One of the obstacles for facial expression recognition technology is the difficulty in providing large amounts of data required to train detection models for each facial pose, because faces are usually captured with a wide variety of poses in real-world applications. To address the problem, Fujitsu has developed a technology to adapt different normalization process for each facial image. For example, when the angle of the subject's face is oblique, the technology can adjust the image to more closely resemble the frontal image of the face, allowing the detection model to be trained with a relatively small amount of data. The technology can accurately detect subtle emotional changes, including uncomfortable or nervous laughter, confusion, etc.-even when the subject's face is moving in a real-world context.
Fujitsu anticipates that the new technology will find use in a variety of real-world applications, including communication facilitation for employee engagement and to improve workplace safety for drivers and factory workers.
Background
In recent years, technologies that detect changes in facial expression from images and read human emotions have been increasingly attracting interest. Existing technologies have mainly been developed for detecting clear changes in facial expression (e.g. the corners of the mouth and the corners of the eyes moving widely). These technologies have been used in some practical applications, including automatic extraction of highlight scenes in videos and enhancing robots' reactions. In the future, facial expression recognition technologies will be more widely utilized in a variety of situations, including patient monitoring in healthcare and analysis of customers' responses to products in marketing campaigns.
Issues
In order to "read" human emotions more effectively, it's critical to capture the subtle facial changes associated with emotions like understanding, bewilderment, and stress.

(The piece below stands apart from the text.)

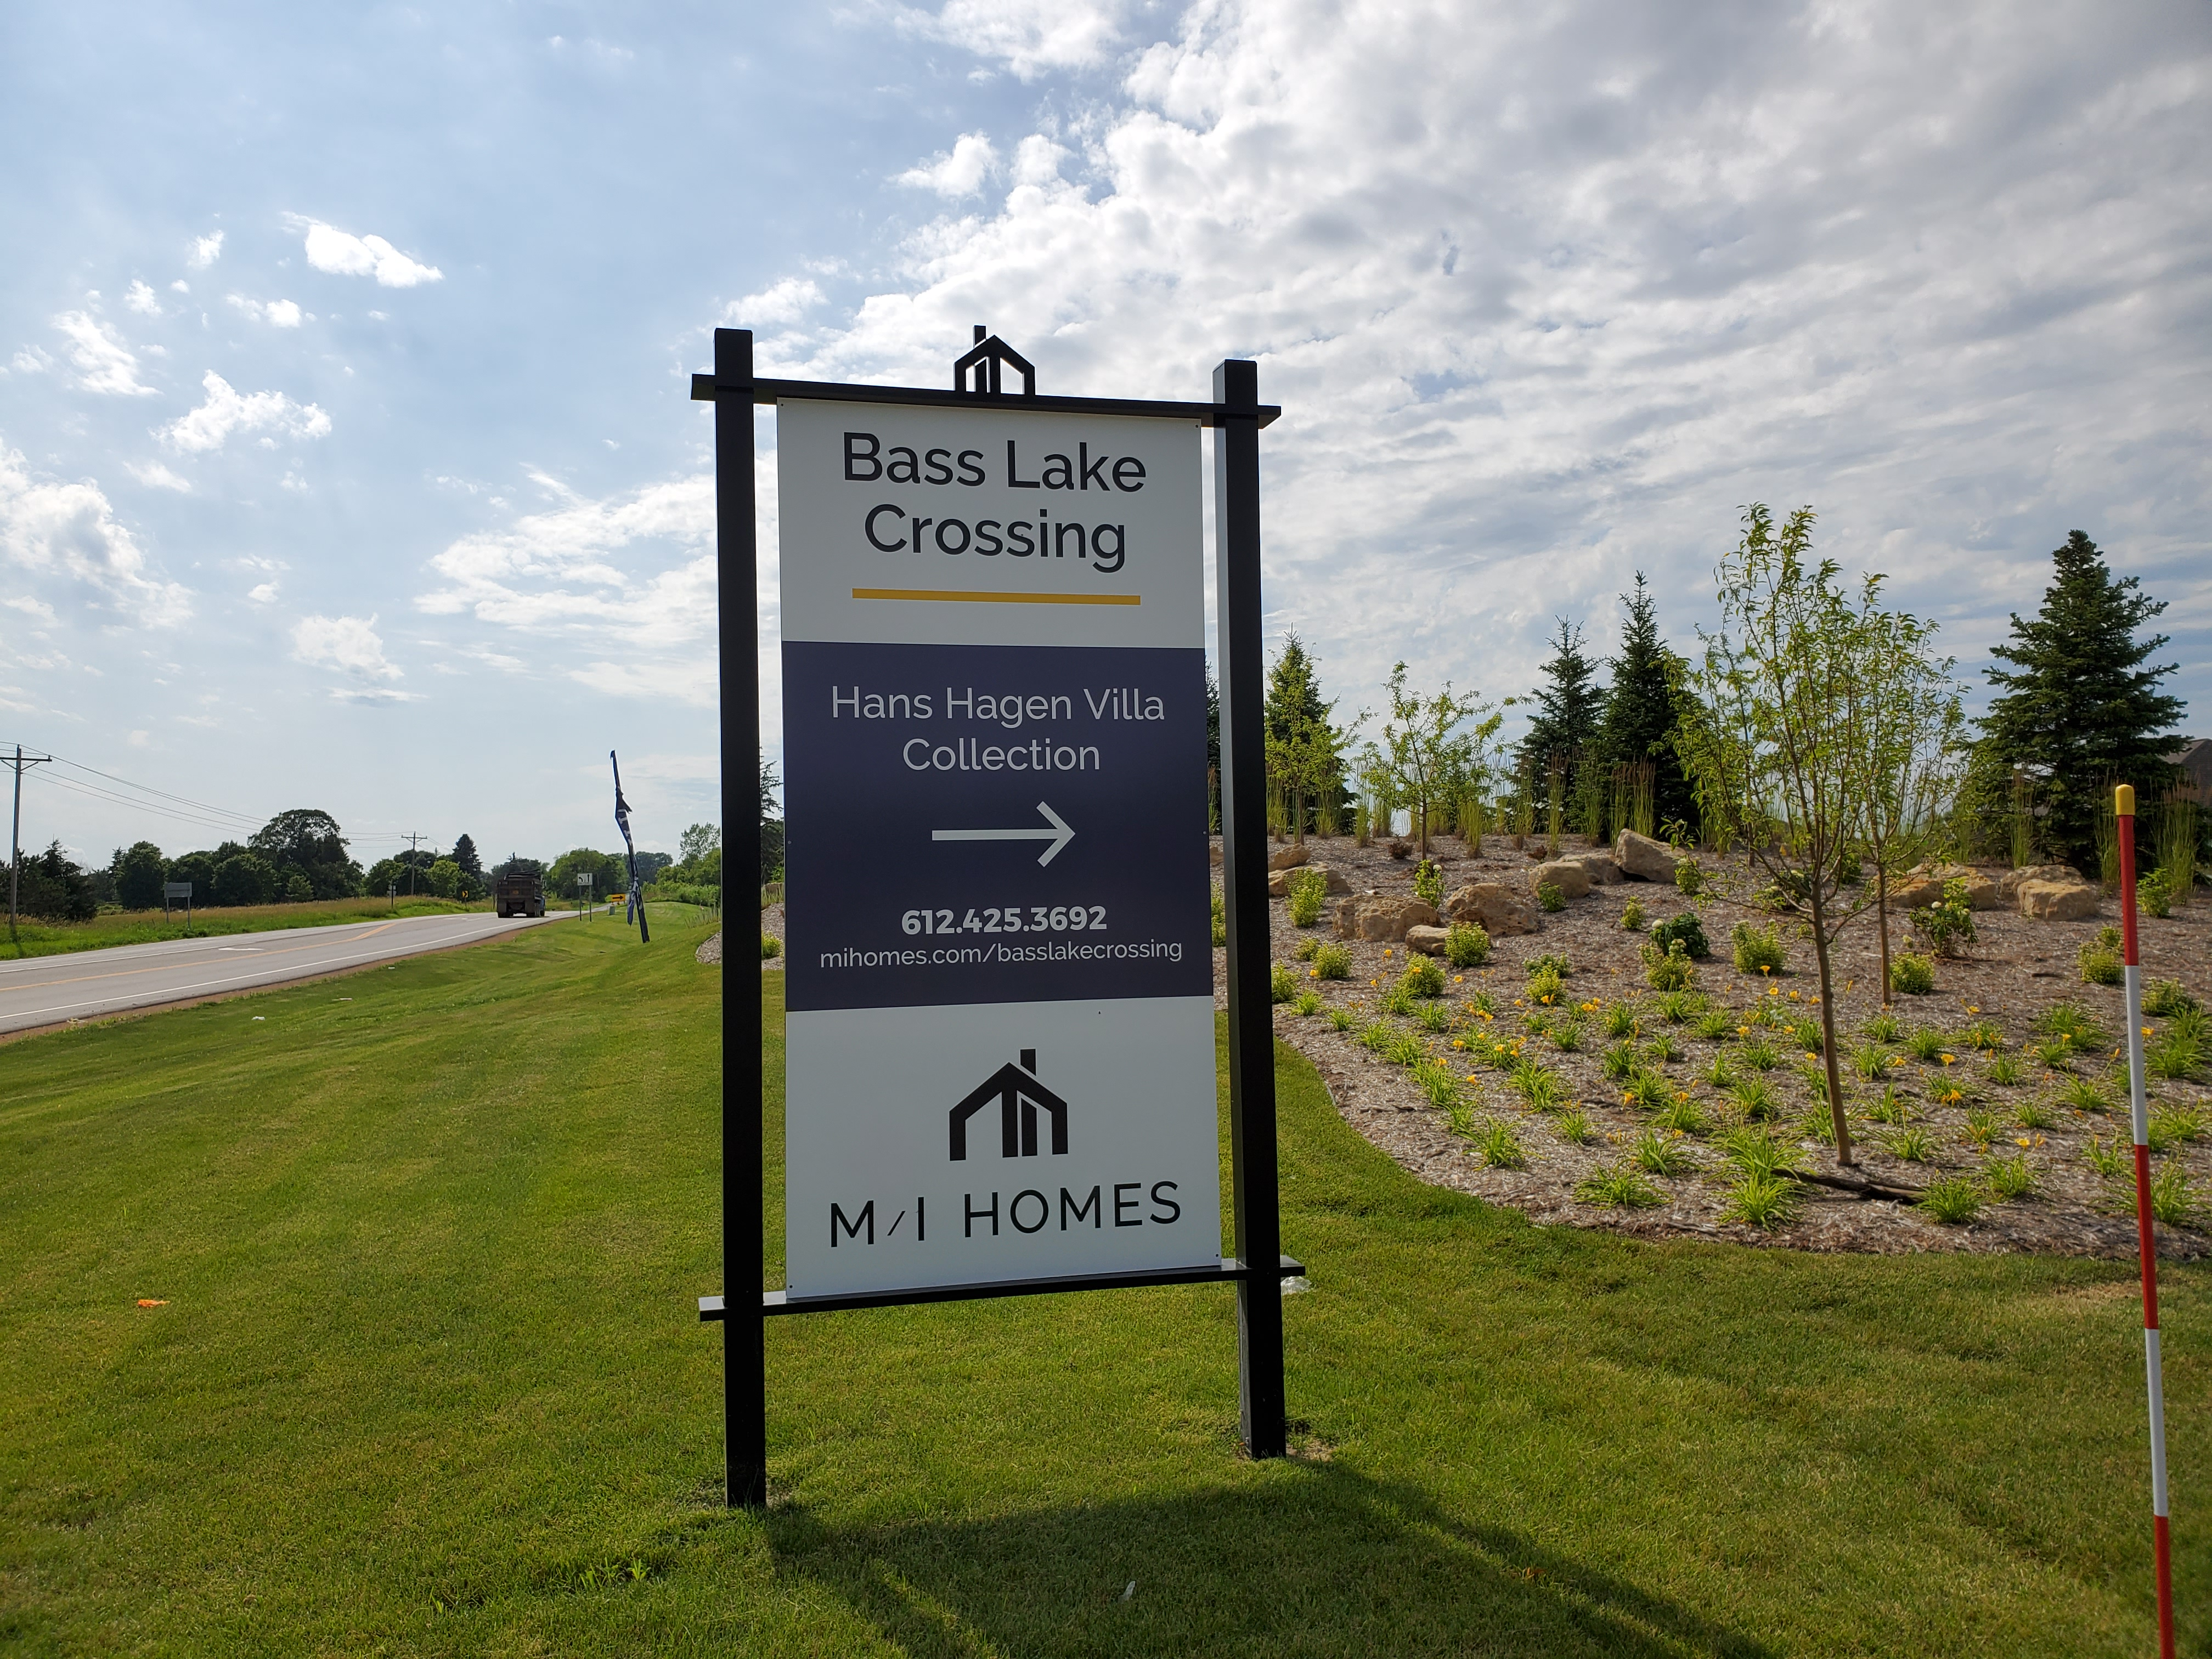 Bass Lake Crossing - Corcoran, MN - Doyle Real Estate Team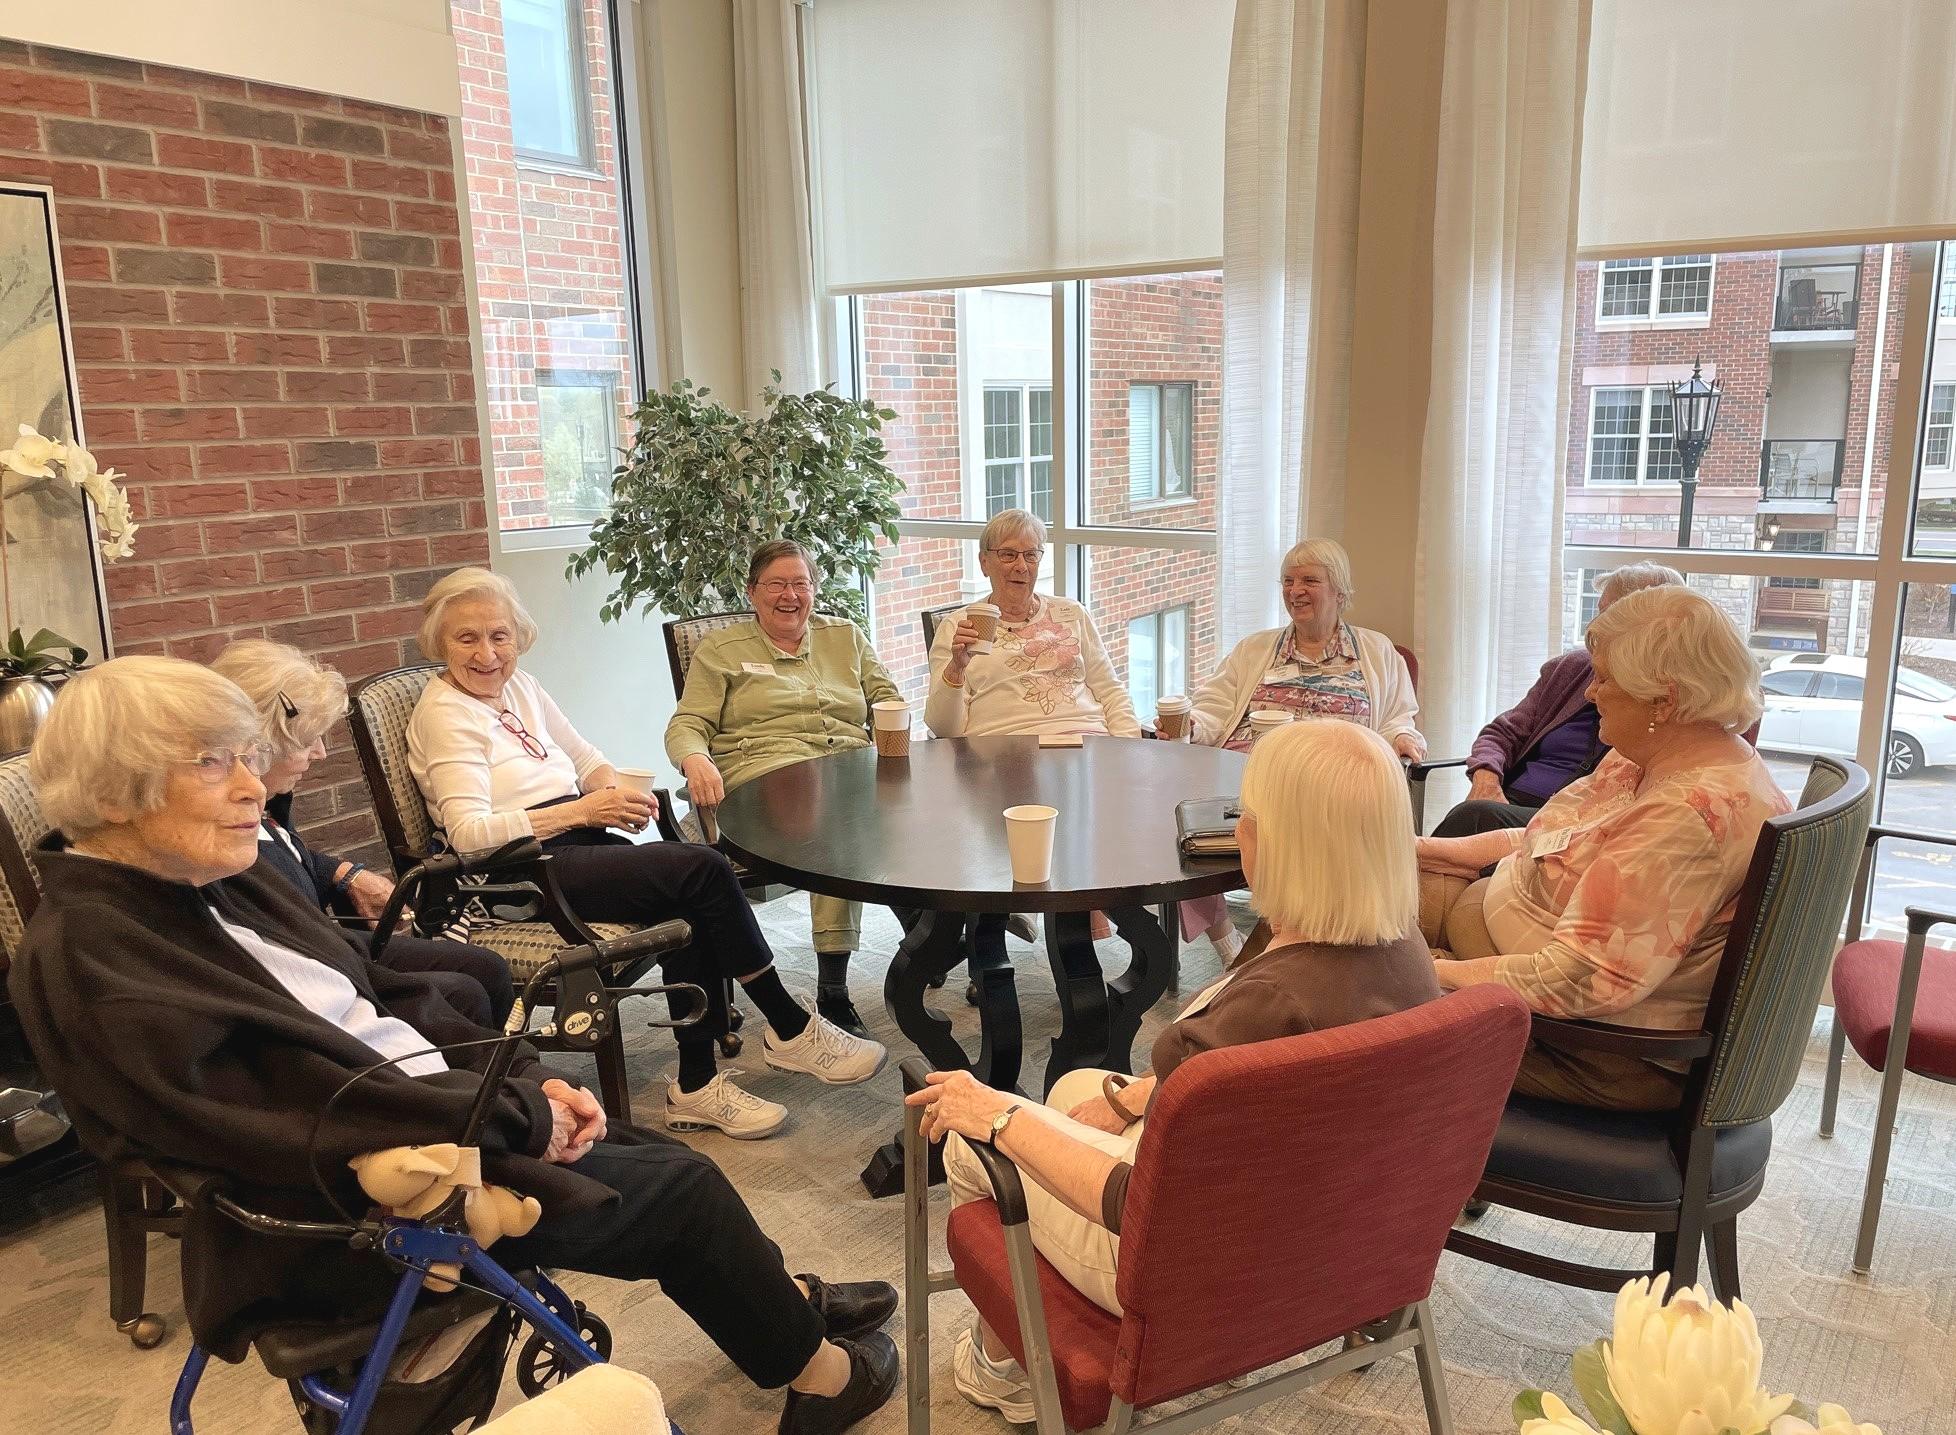 Friendship Village of Dublin residents gather for Coffee Klatch

To accomplish this, developers have increasingly relied on Action Units (AUs), which express the "units" of movement corresponding to each muscle of the face based on an anatomically based classification system. For example, AUs have been used by professionals in fields as varied as psychological research and animation. AUs are classified into approximately 30 types based on the movements of each facial muscle, including for eyebrow and cheek movements. By integrating these AUs into its technology, Fujitsu has pioneered a new approach to detect even subtle changes in facial expression. To detect AUs with greater accuracy, large amounts of data are required by the underlying deep learning techniques. However, in real-world situations, cameras usually capture faces at various angles, sizes, and positions, making it difficult to prepare large-scale learning data corresponding to each visual/spatial state. Therefore, the camera-captured images adversely impact detection accuracy.
Developed Technologies
In collaboration with the Carnegie Mellon University School of Computer Science, Fujitsu Laboratories, Ltd. and Fujitsu Laboratories of America Inc. have developed an AI facial expression recognition technology that can detect AUs with high accuracy even with limited training data.
1. Normalization process to adjust the face for better resemblance of the frontal image
With this technology, images of the face taken at various angles, sizes, and positions are rotated, enlarged or reduced, and otherwise adjusted so that the image more closely resembles the frontal image of the face. This makes it possible to detect AUs with a small amount of training data based on the frontal view of the subject's face.
2. Analyzing significant regions that affect AU detection for each AU
In the normalization process, multiple feature points of the face in the image are converted so that they approach the positions of the feature points in the frontal image. However, the amount of rotation, enlargement/reduction, and adjustment changes depending on where the feature points are selected in the face. For example, if the feature points are selected to be around the eyes and perform the rotation process, the area around the eyes will be close to the reference image, but parts such as the mouth will be out of alignment. To tackle this issue, the areas that have a significant influence on AU detection from the captured face image are analyzed, and the degree of rotation, enlargement, and reduction get adjusted accordingly. By using different normalization process for each individual AU, the developed technology can detect AUs with greater accuracy.
Outcome
This technology has achieved a high detection accuracy rate of 81% even with limited training data. This technology is also more accurate than other existing technologies according to certain facial expression recognition technology benchmarks (Facial Expression Recognition and Analysis Challenge 2017).
Future Plans
Fujitsu aims to introduce the technology to practical applications for various use cases, including teleconferencing support, employee engagement measurement, and driver monitoring.